Couple of remarkable takeaways from this little quote.
1. Disney managed to get a million folks to translate their off-line affinity for Disney parks into some online activity. It fizzled in growing users from there of course, since the whole thing was designed just as a short-term "promotion" for the perennial off-line properties.
2. Disney actually had off-line operating hours for an online site, which presumably can be accessed 24/7, from anywhere in the world.
Some of these questions popped into my mind reading this saga:
1. How much does it cost to keep the site running? How does that cost compare to other promotional initiatives by Disney for it's off-line properties that last for years or indefinitely?
2. What are the pros and cons of moving the site from it's marketing/promotional departments, to the operational side? What if this were turned over to some in-house employees with a "start-up mentality", and ask them to see how something like this could be turned into a sustainable virtual presence of Disney's real-world properties? Could it be morphed into being both a permanent promotional and an entertaining online property in it's own right? And of course, could that be turned into a profitable operation in the long-term?
3. Would an effort like this cost anywhere near the $700 million it cost Disney to buy Club Penguin last year from outside entrepreneurs with the right "startup mentality"?
4. Or is buying third-party online properties, the only real strategy for a leading incumbent like Disney to get it's online game?
I'm sure there are some questions and issues I'm missing in why closing the promotional site and not doing anything else with the latent opportunity is a real good idea. Just saying.
Disney NEVER gave VMK players the option to pay to play. There is and never will be an online game like VMK. It's like being in the disney parks every day. You can't recreate or replace that. You are a real person on VMK- not a penguin, toon, pirate car or fairy. It's not game/task oriented. You can use your imagination like no other game. Believe me we have tried them all.
You can create as many avatars as you want right now on the Fairies site- there is nothing else to do there. That's not a fair assessment of it's popularity. My daughter has been on it, created a few fairies, got bored and has not gone back.
Some of the other disney games promote violence, fighting, killing, destroying and gambling.

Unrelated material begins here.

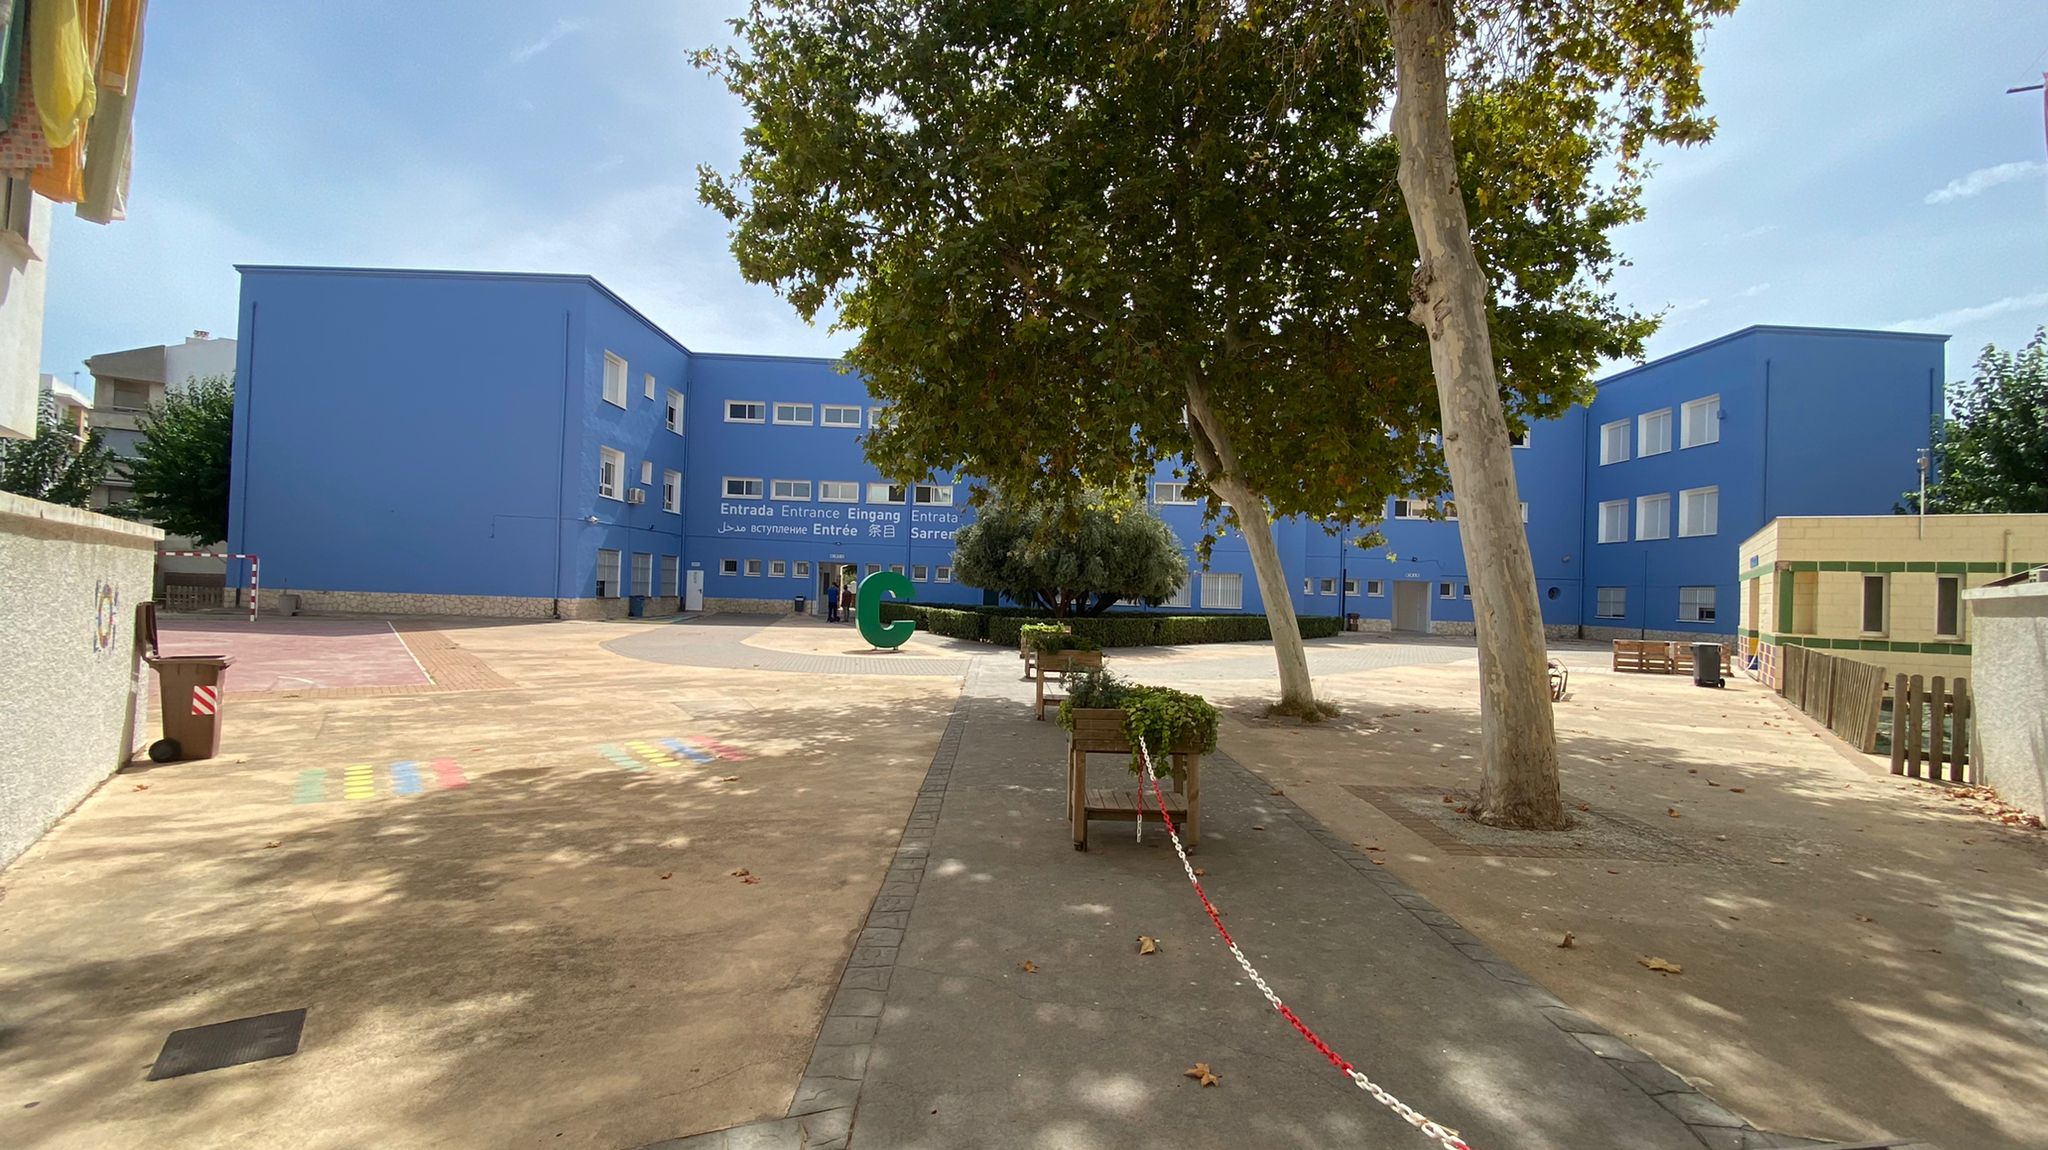 Colegio Cervantes luciendo su nueva pintura azul

There is enough of that in the real world.VMK is a safe, family, friendly online world.
Many VMK users are kids- kids who don't have a voice. Kids who go to VMK to escape their day to day lives;to bring some magic into it and give them the courage to face their troubles. Kids who can meet up with a friend because they can't in real life because of illnesses and disabilities. Kids who can play with their mom, dad, siblings and aunts etc. who are near or far. These kids have feelings & are are hurting right now. How can disney do this to these kids?
I've bought every e-toy and paid for every online world that has come out in the last year for my daughter trying to keep her happy. Because of a disease called spinal muscular atrophy she can not move very well and the only activity she can do by herself is the computer. When she has free time that is what she loves to do. VMK has been her playground, her canvas, her school. It's more than a game- it's a community of amazing friends. My daughter has cried over and over. Please disney just give me the real reason you are shutting my daughter out from her friends and her family?